С крутого уклона тарантас покатил под разгон, и пегая круто свернула с дороги, потянулась за лесопосадки.

— Ишь ты, пить захотела, — заметил Николай, — дорожка-то знакомая, к пруду…

Лошадь долго цедила воду, позвякивая уздечкой, Буянов стоял рядом, подсвистывал ей. Мне захотелось тоже размяться, я сошел на землю и направился к бугорку, где посуше. Возвышенность серела будыльями прошлогодней полыни, а внизу, из размокшей земли уже густо высыпала еле приметная зелень. Я нагнулся, хотел выщипать несколько травинок и вдруг заметил цветок с голубовато-стальными лепестками. Смятый, еще не оправившийся от зимы бессмертник тянулся к весеннему свету. Я прикоснулся к нему и почувствовал чуть уловимый запах. Сердце заколотилось чаще… Это было здесь: голубые звезды над степью, крики перепелов, такой же почти неразличимый запах бессмертников. И мы с Надькой восемнадцатилетние…
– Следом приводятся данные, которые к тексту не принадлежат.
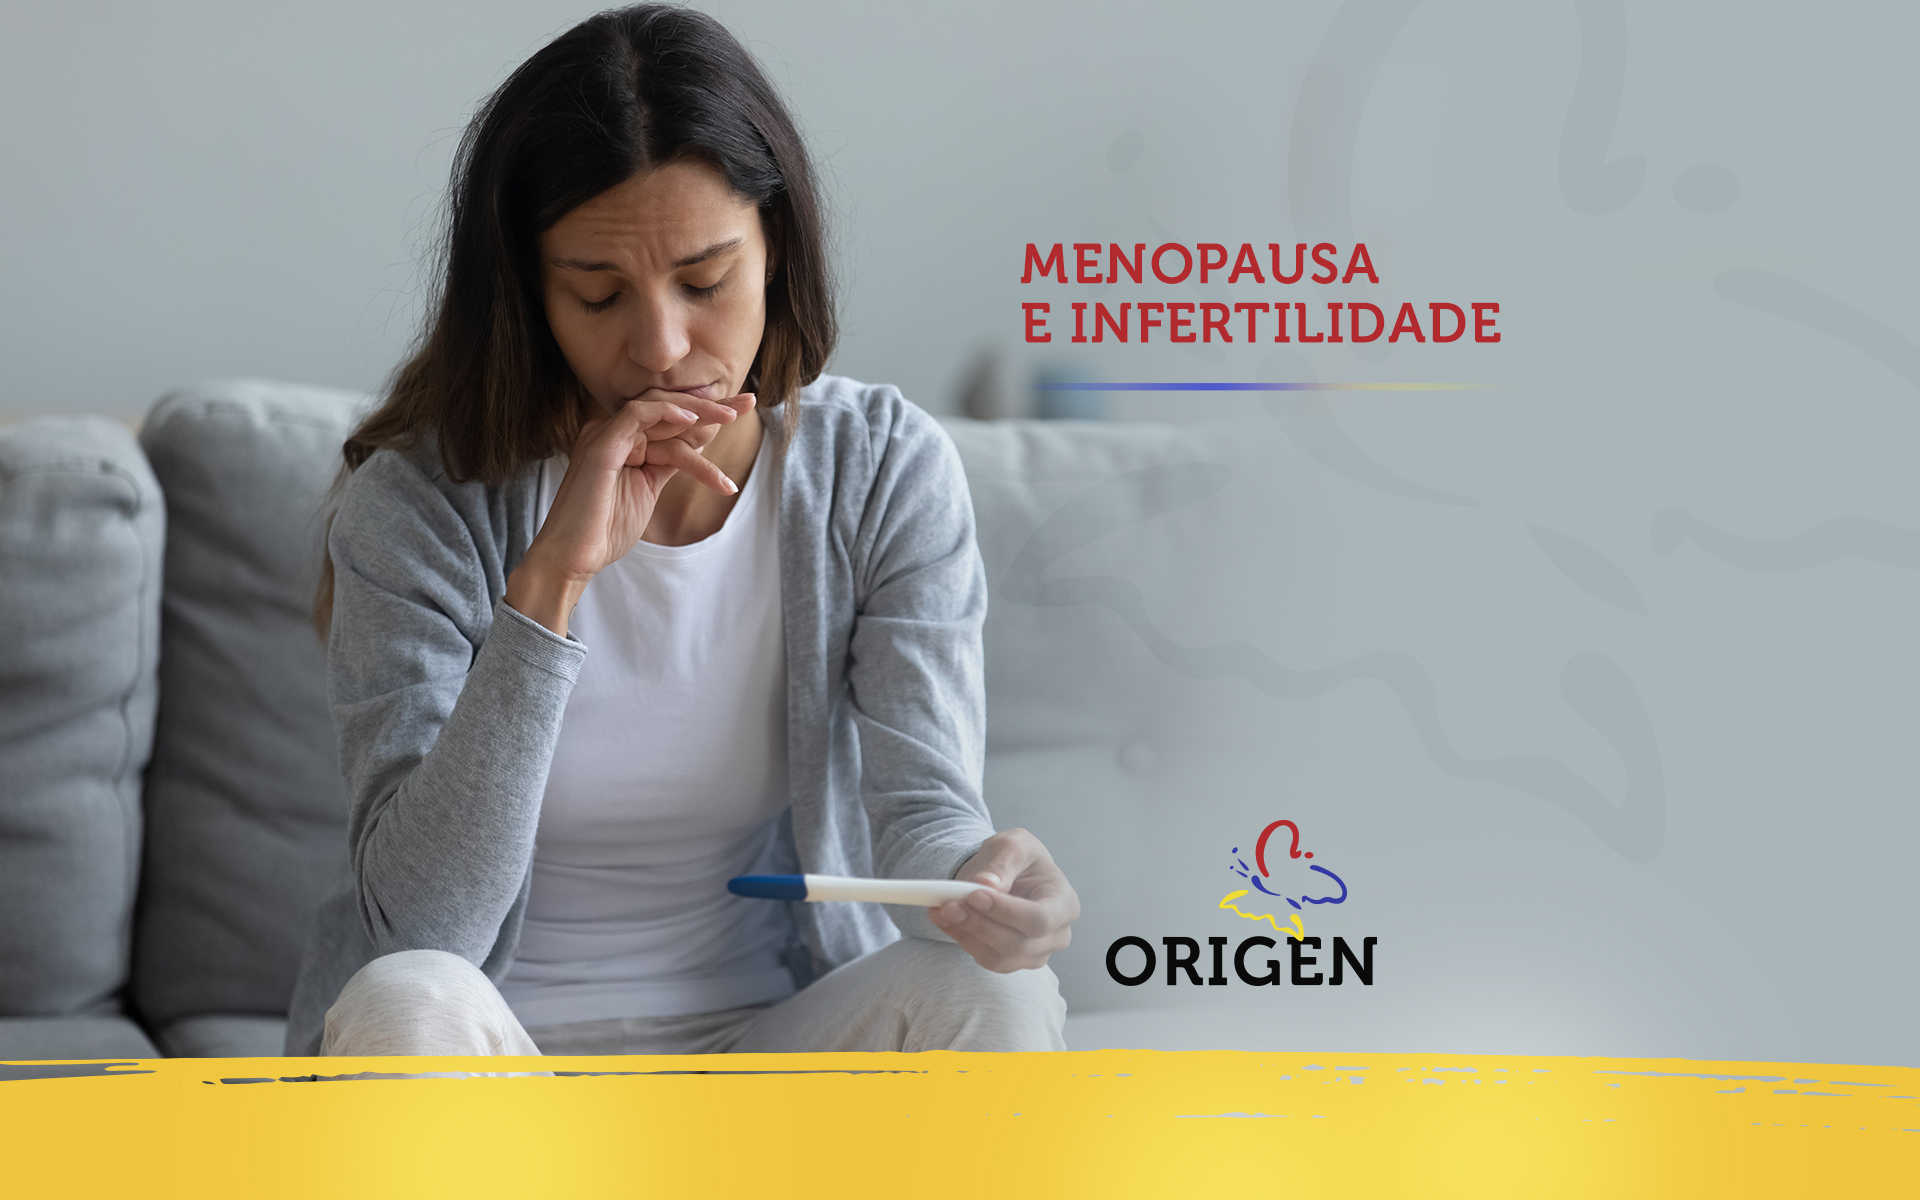 Menopausa e infertilidade
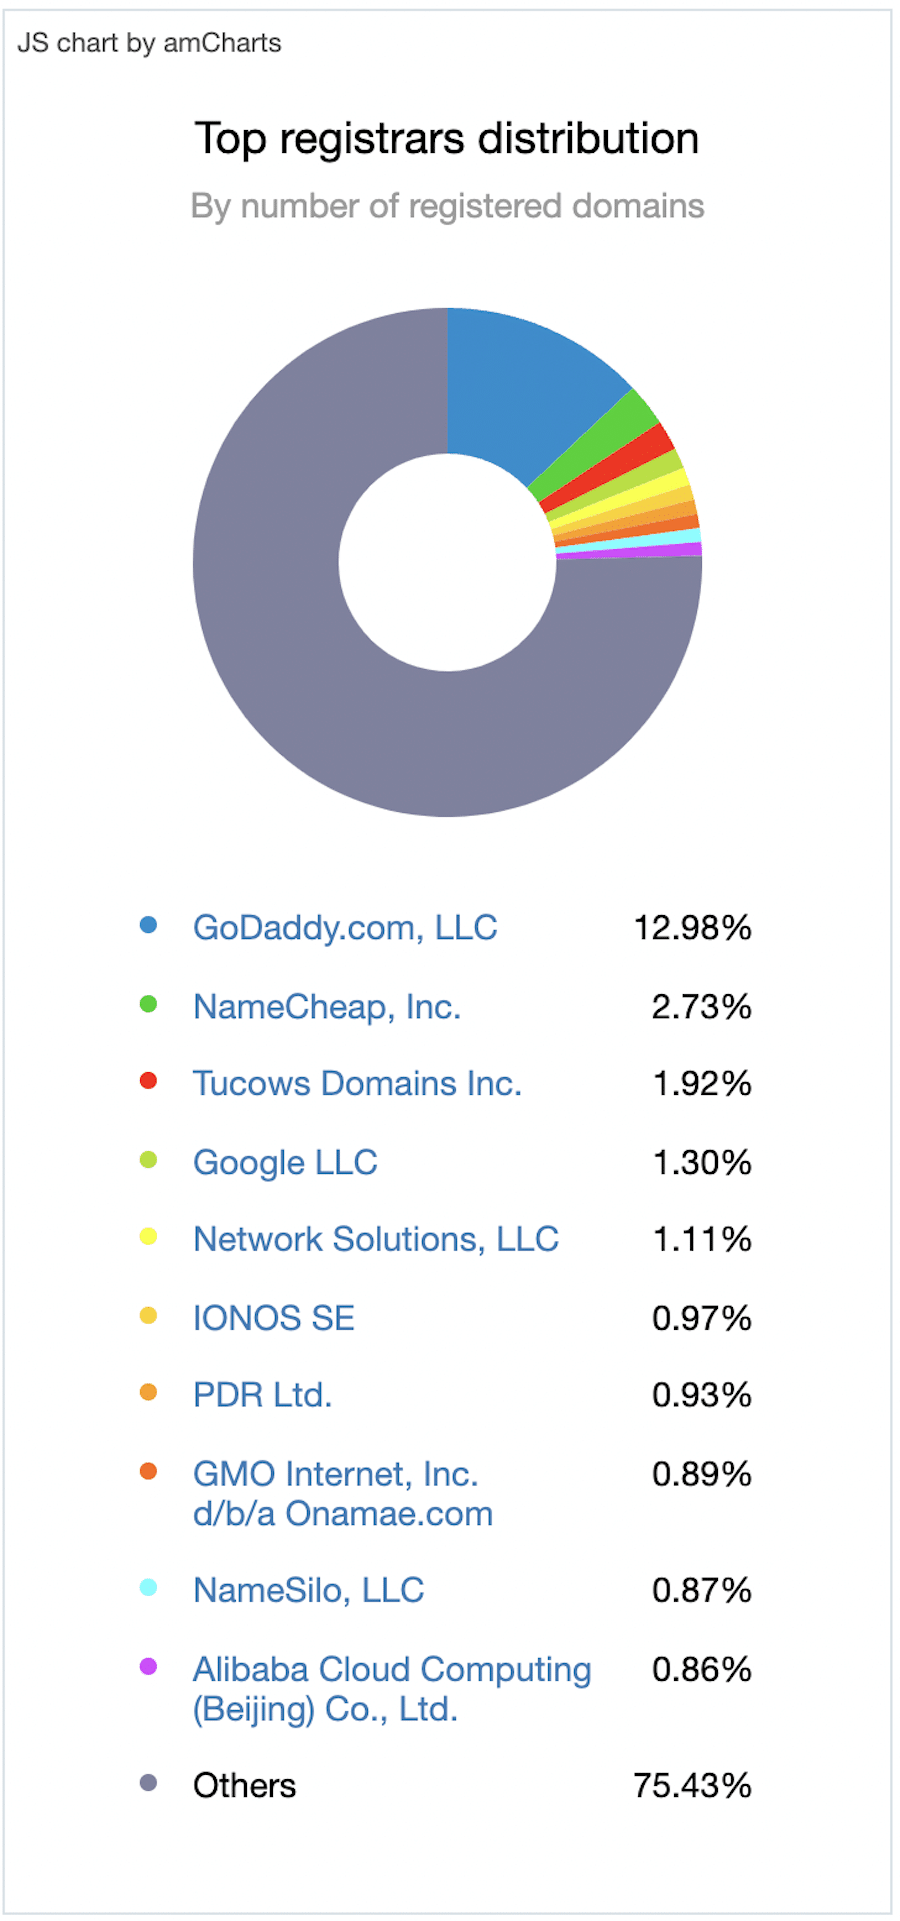 Domeinregistratie per bedrijf. GoDaddy heeft het grootste marktaandeel, maar veel websites zijn onafhankelijk geregistreerd.

— Геннадий, — позвал меня Буянов. — Ты побудь здесь, пойду я погляжу… Вот тут по парам думаем посеять твердую пшеницу, — он протянул руку вдаль, где чернела паханина.

— Слушай, а ведь мягкие породы у нас дают урожаи выше, — напомнил я, показывая свою осведомленность.

— Щи с пряником ты будешь хлебать? Ну вот… А твердые сорта — это хлебушко…

И Николай зашагал вдоль пашни. Он шел по тихой, еще неожившей степи, шел не торопясь, словно разглядывал землю. Далеко-далеко кончалось черное поле, а за ним лежали новые, и не было им конца-края.

IV

Общее собрание для обливских колхозников — всегда большой праздник: на него приходят как на торжество — надевают лучшие наряды, держатся степеннее, увереннее. В этот день каждый обливец вдруг снова откроет для себя давно известную истину: настоящий хозяин тут он, и, значит, как ему, его товарищу, соседу покажется верным, так и пойдет то или иное дело. Не только председатель, а и бригадир, заведующий фермой, учетчик не посмеет кричать, а тем более крыть матом кого бы то ни было в эти часы. На другой день это совсем не исключено, но перед собранием или в ходе его такого еще в Обливской не случалось. В уважительном, даже внимательном отношении к людям колхозного начальства и видится мне одна из причин некоторой приподнятости такого события. Есть и другое, не менее важное обстоятельство, которое выделяет день собрания из ряда обычных будней. Обливцы — народ артельный, любят быть вместе, и, приходя в клуб, они желают не только обсудить, что и как делалось в хозяйстве, но и, как говорится, на людей поглядеть и себя показать. Один любит острое словцо подбросить, второй не прочь показать свою рассудительность, третьего медом не корми, а разреши пошуметь на начальство, — ну а где еще исполнить все эти желания, как не на колхозном собрании! Тут уж обязательно заметят тебя, оценят, надо станет — поддержат, а разойдешься не в меру, и прервут, и осадят, — не велика беда: свои же все…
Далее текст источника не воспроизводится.